Prior to him entering his guilty pleas, I asked the offender if he understood the ultimate sentence was up to me regardless of any negotiations that had taken place. He told me he understood and wanted to continue with his pleas.
The pre-plea inquiry must be seen to be a meaningful step that confirms the accused person’s understanding and knowledge of the plea procedure. That being said, the court should also show flexibility when faced with exceptional circumstances like these. And so I offer the offender a choice.
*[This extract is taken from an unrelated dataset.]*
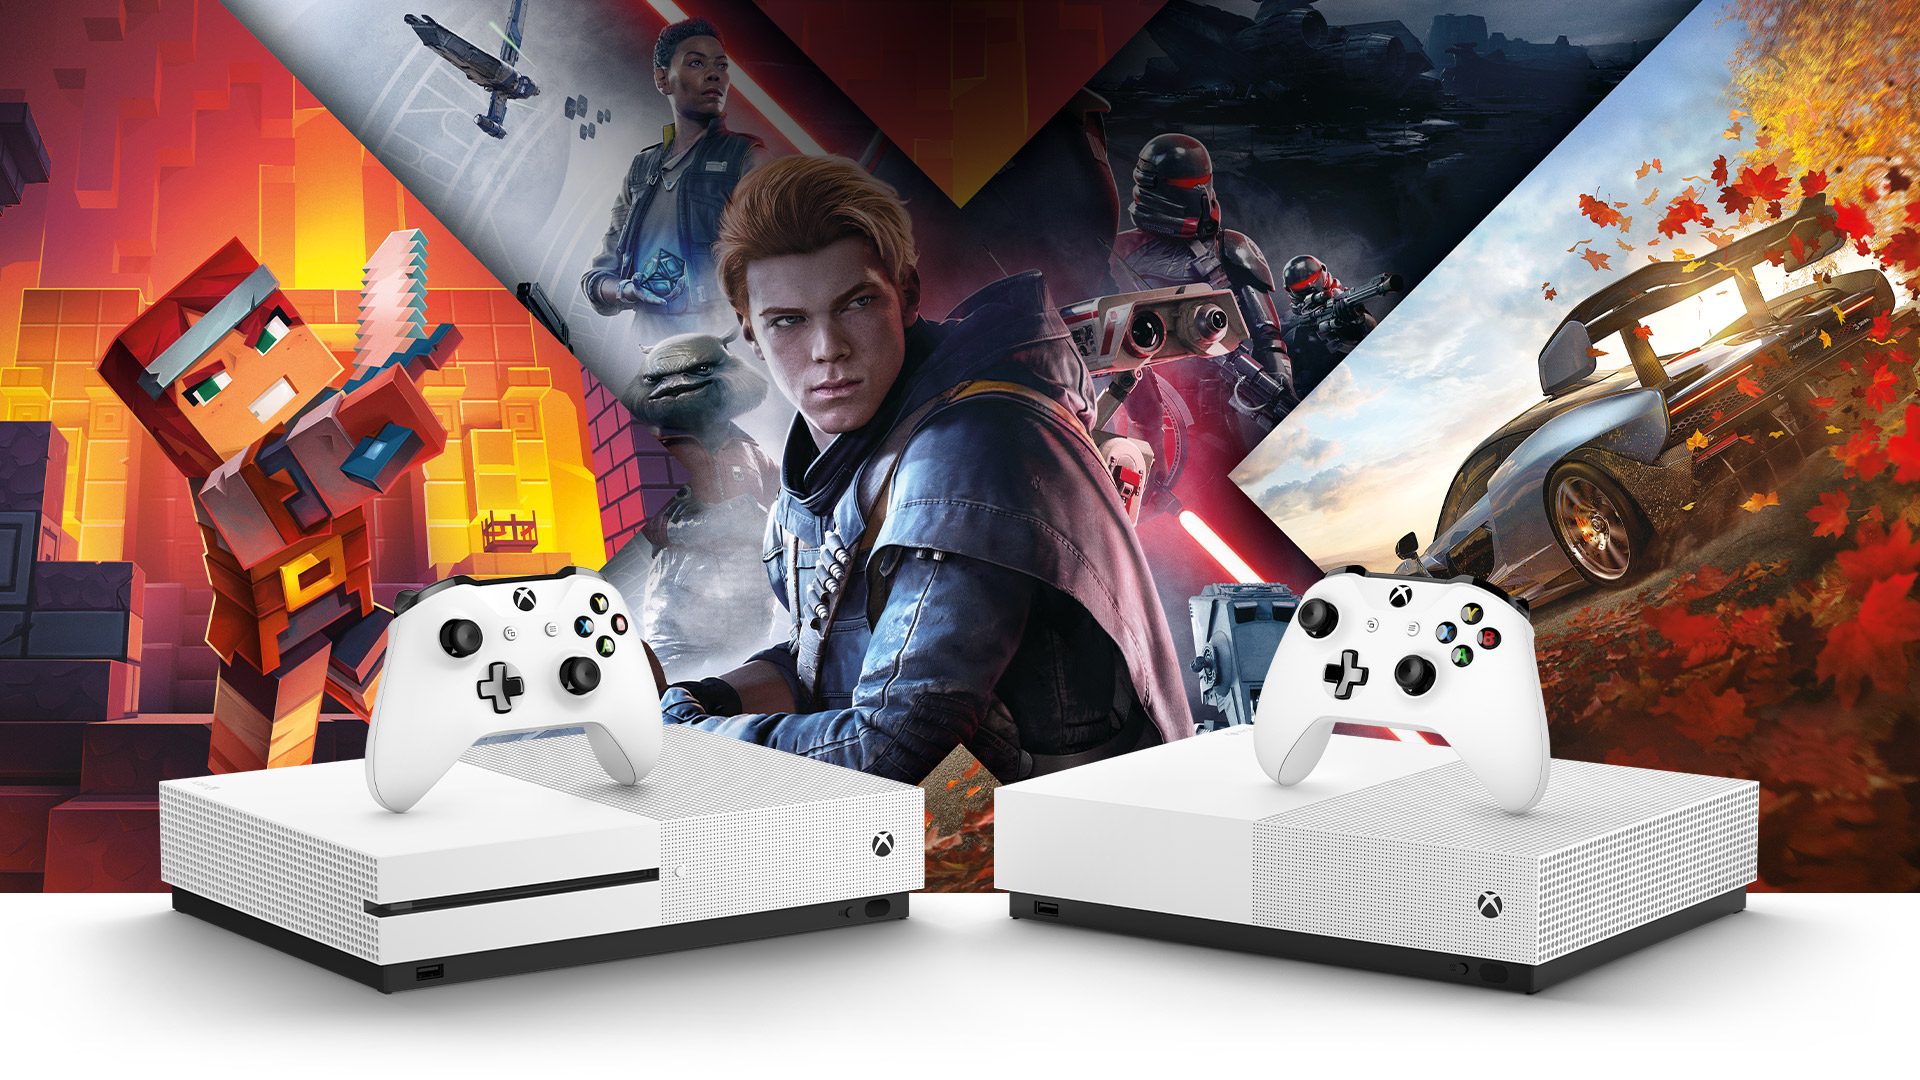 Microsoft stop kembangkan game untuk Xbox One

I can sentence him to 90 days jail not on an intermittent basis starting today or I can adjourn his sentencing to the end of April when the offender’s counsel advises he understands EMDC may begin accepting intermittent prisoners again. If they are, I will sentence him to 90 days to be served intermittently at that time.
If the matter is still unsettled at that point, I will entertain an application for a further adjournment, while recognizing the need to bring this matter to a conclusion. It will not be adjourned into perpetuity.
Either sentence will be followed by the probation and ancillary orders requested by the Crown. The sentence of consecutive non-intermittent – non-intermittent jail would be served at the Southwest Detention Centre. As I said earlier, they are currently in a state of outbreak. Like many other judges in both this court and the Superior Court I am reluctant to send someone intentionally into an outbreak, but I leave the choice to the offender.